But what does 2022 have in store for healthcare companies? What concerns do their IT decision-makers have? And how are they planning to allocate their IT budgets? Our Mid-Market IT Priorities report 2022, which looked in detail at the sector, could offer some answers.
Healthcare budget concerns for 2022
Out of the four sectors of the economy we investigated (healthcare, insurance, online retail and transport logistics) IT decision-makers at mid-market healthcare companies felt most strongly that their 2022 IT budgets would have to increase significantly to meet team ambitions.
Almost half (48%) said this was the case, compared with 39% across our entire sample. They were also the most pessimistic (alongside online retail companies), with only 11% believing they would actually get the increase they needed. This is compared with 13% across the entire sample.
These findings suggests that, in 2022, mid-sized healthcare companies will experience one of the most significant shortfalls in IT spend relative to other sectors of the UK economy. We believe that this shortfall will further accelerate cloud and managed services adoption.
This is supported by our research, which suggests that healthcare is most likely to increase private cloud and colocation services out of all the UK’s mid-market sectors that we analysed in our report.
Looking further into the findings, 52% of IT decision-makers in mid-market healthcare companies would prefer that any newly deployed services were fully managed rather than internally resourced — or even co-managed. That’s higher than in any other sector we looked at and higher than the average across the entire sample, which was just 44%.
In fact, the appetite for deploying internally resourced IT infrastructure was significantly lower in mid-market healthcare companies than within other sectors analysed in this report (healthcare 41%, insurance 52%, online retail 61%, transport logistics 47%). This marks quite a change in strategy because, as we’ll see further into this article, the mid-market healthcare sector had previously been one of the most reliant on on-premises IT infrastructure.
Stronger security: the top IT objective for 2022
Our research shows that increasing and strengthening security is the top IT objective for mid-market healthcare companies this year (27%), as is the case across our entire data sample (32%).

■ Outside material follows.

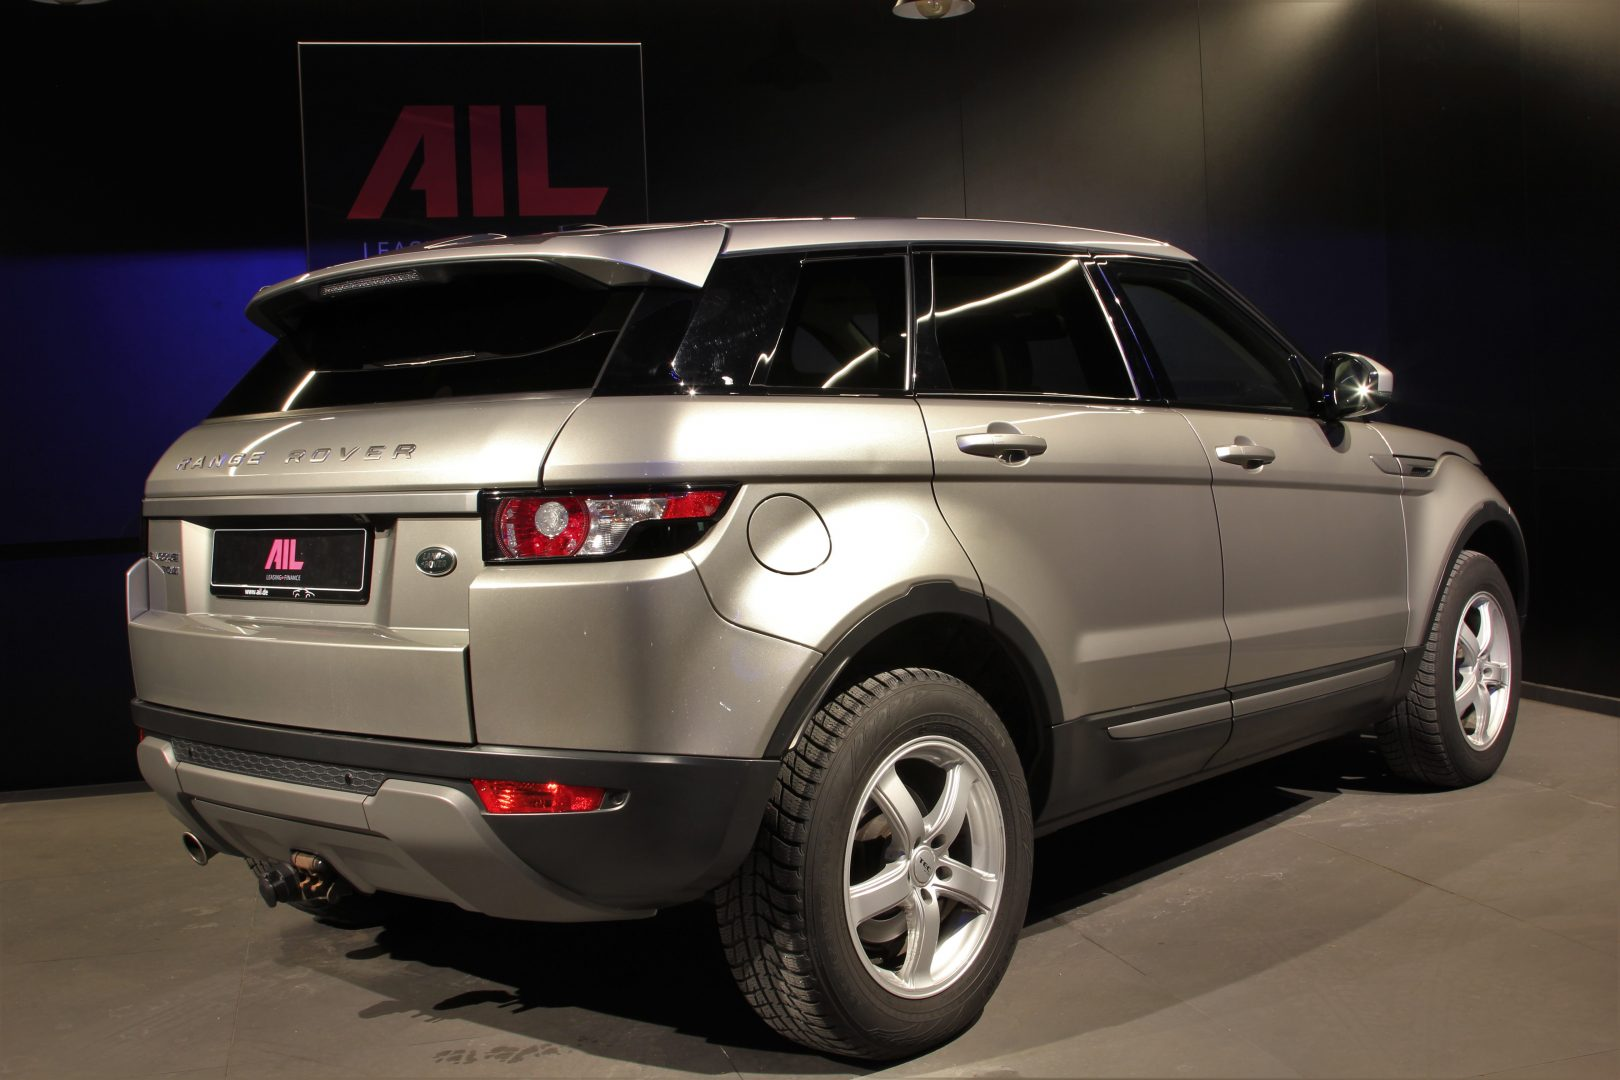 AIL Land Rover Range Rover Evoque Pure 12

Drilling deeper into these security concerns, 35% of respondents from mid-market healthcare companies told us that an increase in cyberattacks was the biggest challenge for them in 2021 and would continue to be this year. This figure was higher than in any other sector we examined (insurance 29%, online retail 29%, transport logistics 24%) and higher than the sample average (29%).

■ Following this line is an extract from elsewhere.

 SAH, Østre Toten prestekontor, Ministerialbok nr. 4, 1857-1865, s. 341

We believe that this is linked to the particularly sensitive data handled by healthcare companies — making them more acutely aware of the need to have the systems and processes in place to protect their data when compared with the other sectors analysed in this report.
However, as we look down the list of IT priorities, they begin to take on a more sector-specific focus. For example:
Priority #2: Optimising the remote working experience (20%) — higher than sample average (15%)

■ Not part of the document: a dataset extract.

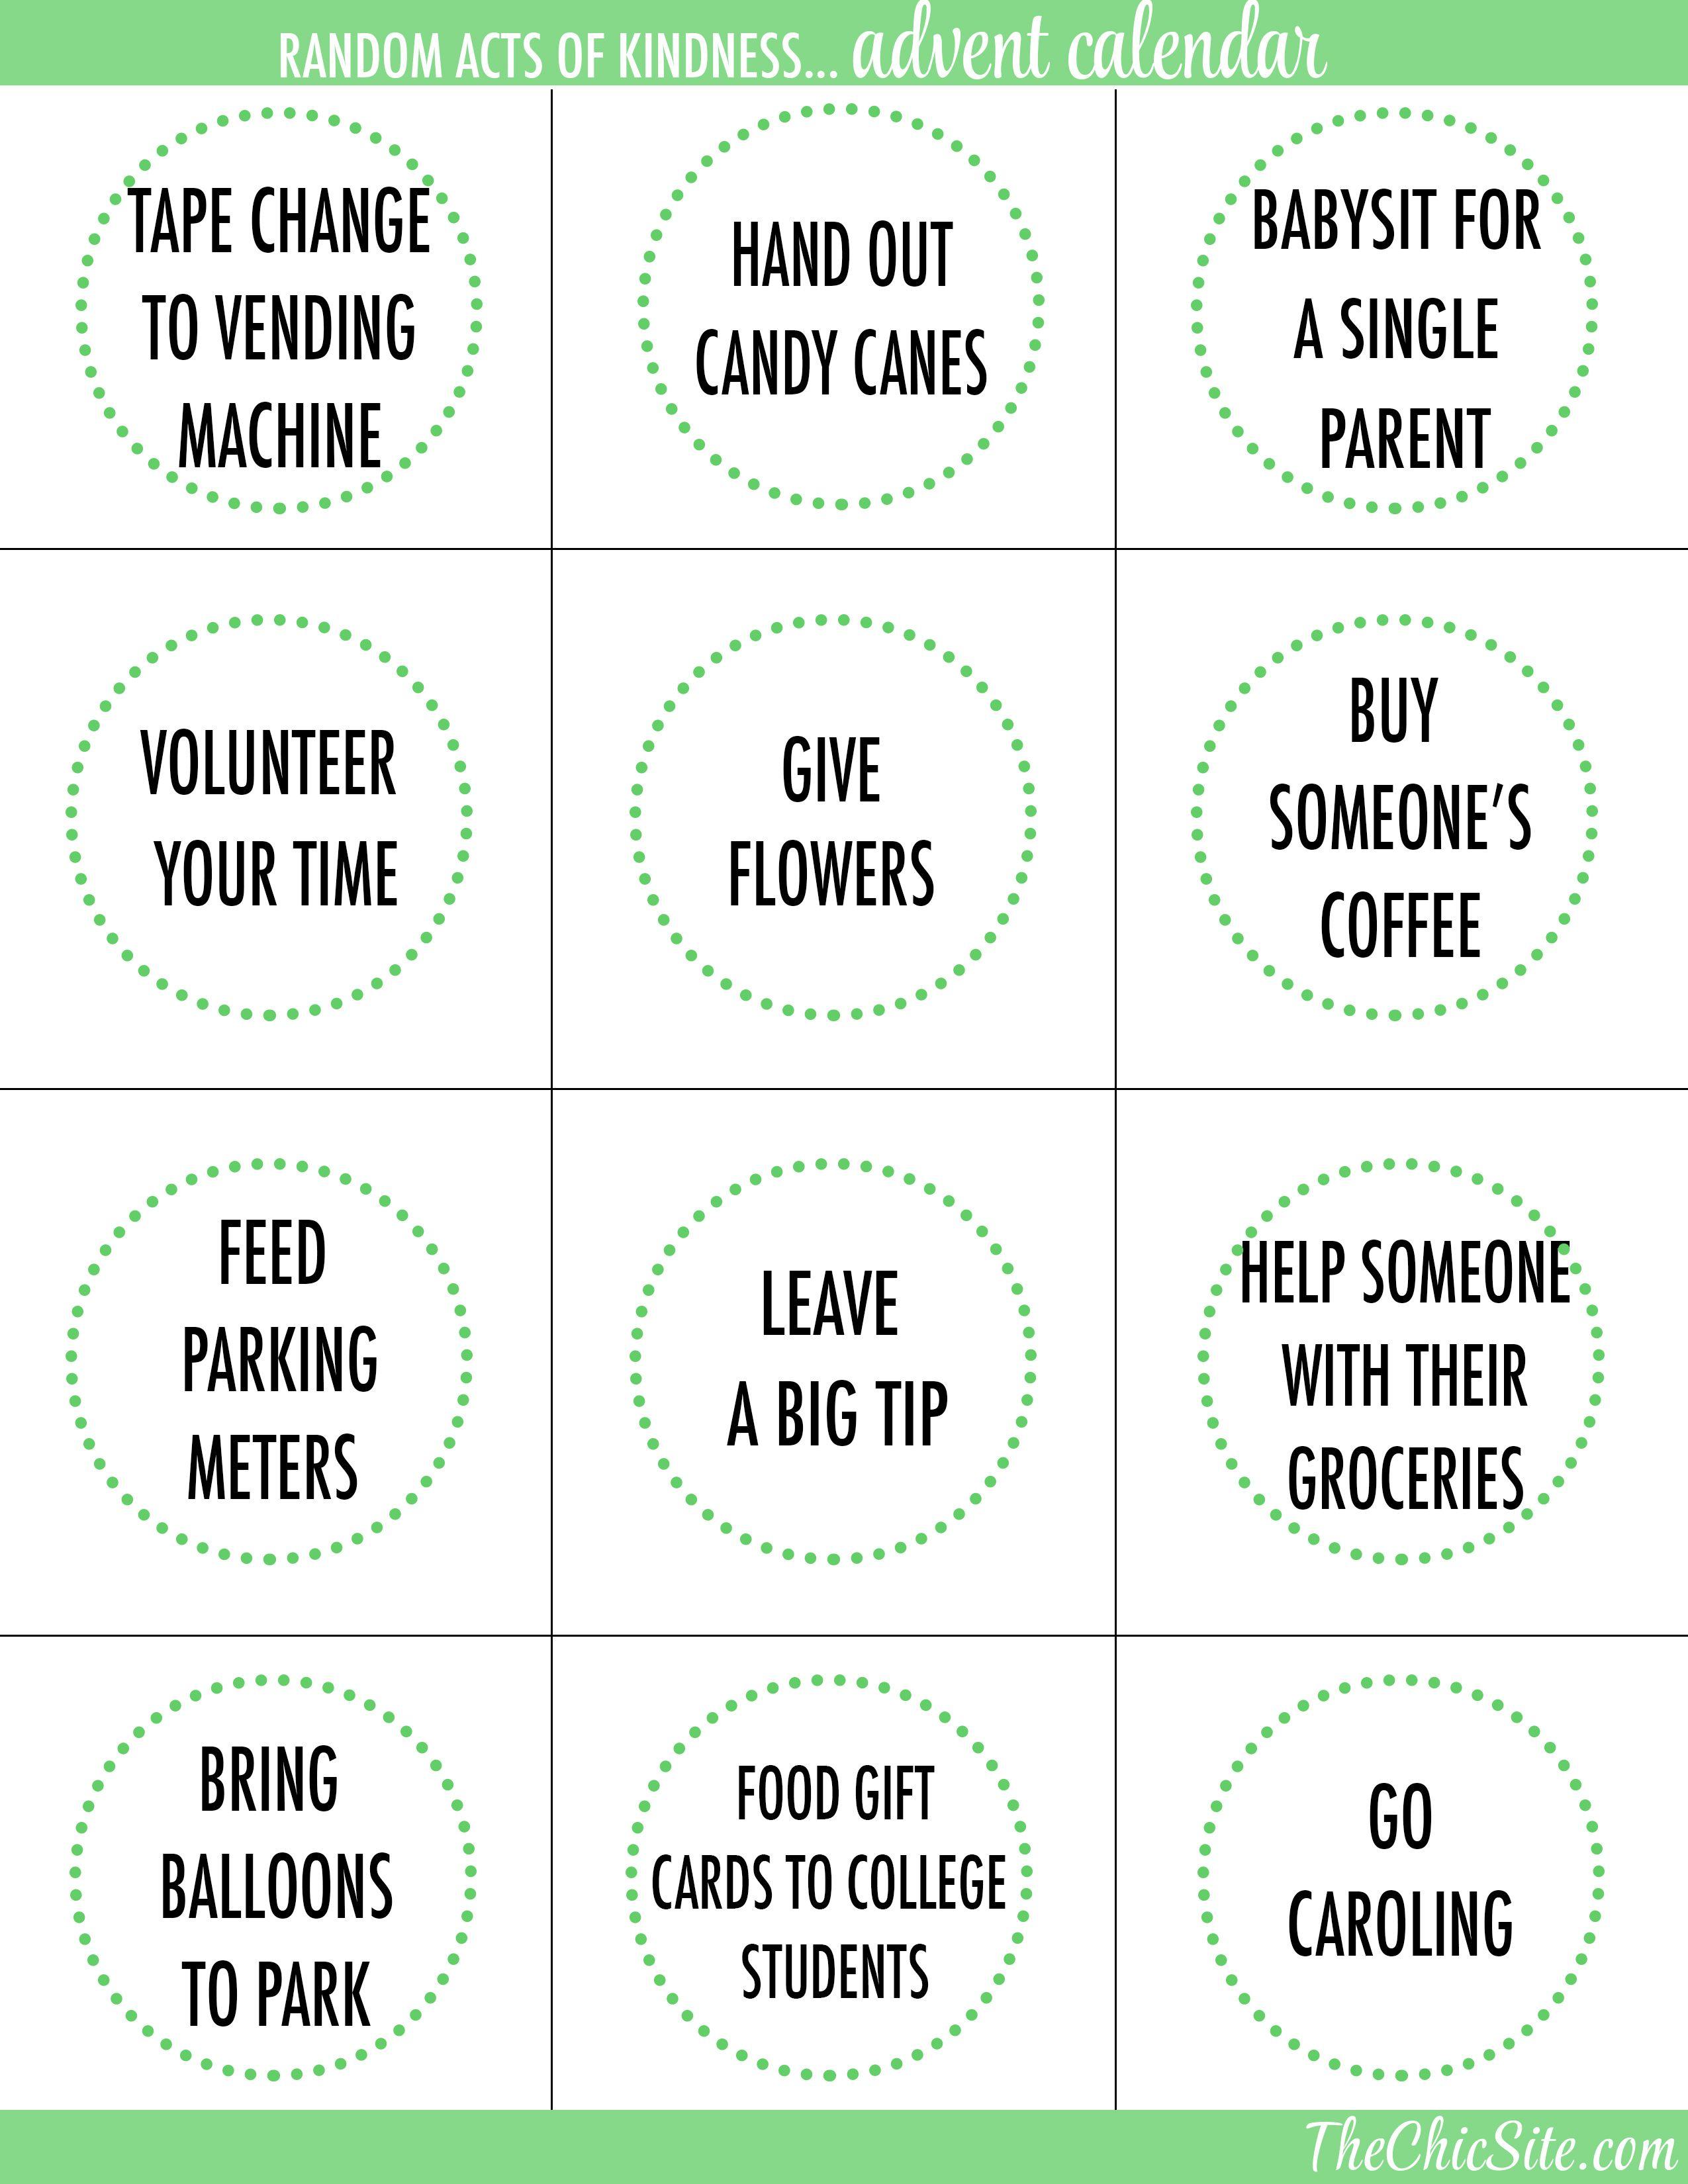 8 Easy Diy Advent Calendars

Priority #3: Meeting compliance challenges (19%) — higher than sample average (16%)
Priority #4: Developing internal skills (16%) — higher than sample average (13%)
Compliance
Mid-market healthcare sector companies seem far more optimistic about dealing with compliance this year in comparison to their peers in insurance, online retail, and transport logistics. Just 16% think compliance will be much complicated than in 2021, compared to 26% across the entire sample.
Opinion differed when it came to the top compliance challenge for 2022. IT decision-makers in mid-market healthcare companies said that it would be data governance. But our entire group of respondents said that it would be long-term data retention.
Pace of cloud adoption
As previously alluded to, across the four sectors we examined, mid-market healthcare companies have the highest use of predominately on-premises technology— and are the joint-lowest consumers of hybrid cloud. That said, healthcare companies are the most likely (37%) to increase colocation investment (insurance 36%, online retail 33%, transport logistics 33%).
This may offer a further reason for their higher-than-average confidence when it comes to managing data security and compliance. But it may also hint at an acknowledgement that there will be work still to do this year — and for the foreseeable future.
Conclusion
The global business landscape has changed beyond recognition in the last two years. The long-term data security and compliance challenges of moving first to homeworking, and latterly, hybrid working, means IT teams at mid-market healthcare companies start 2022 with a long to-do list. Brexit will also continue to present challenges to the sector from an international supply chain, skills gaps, and data sharing perspective (you can read more about IT-related Brexit challenges in our full report).
Healthcare companies will need to tackle these issues conscious of the fact that their IT budgets may not have increased as much as they’d hoped. A move to greater reliance on cloud — whether hybrid, private, or public — as well as increased adoption of colocated and managed services, is doubtless on the cards for many mid-sized healthcare companies. The challenge for IT decision-makers at these companies will be to find a tech partner that’s sensitive to their needs and understands the unique challenges of operating in the sector.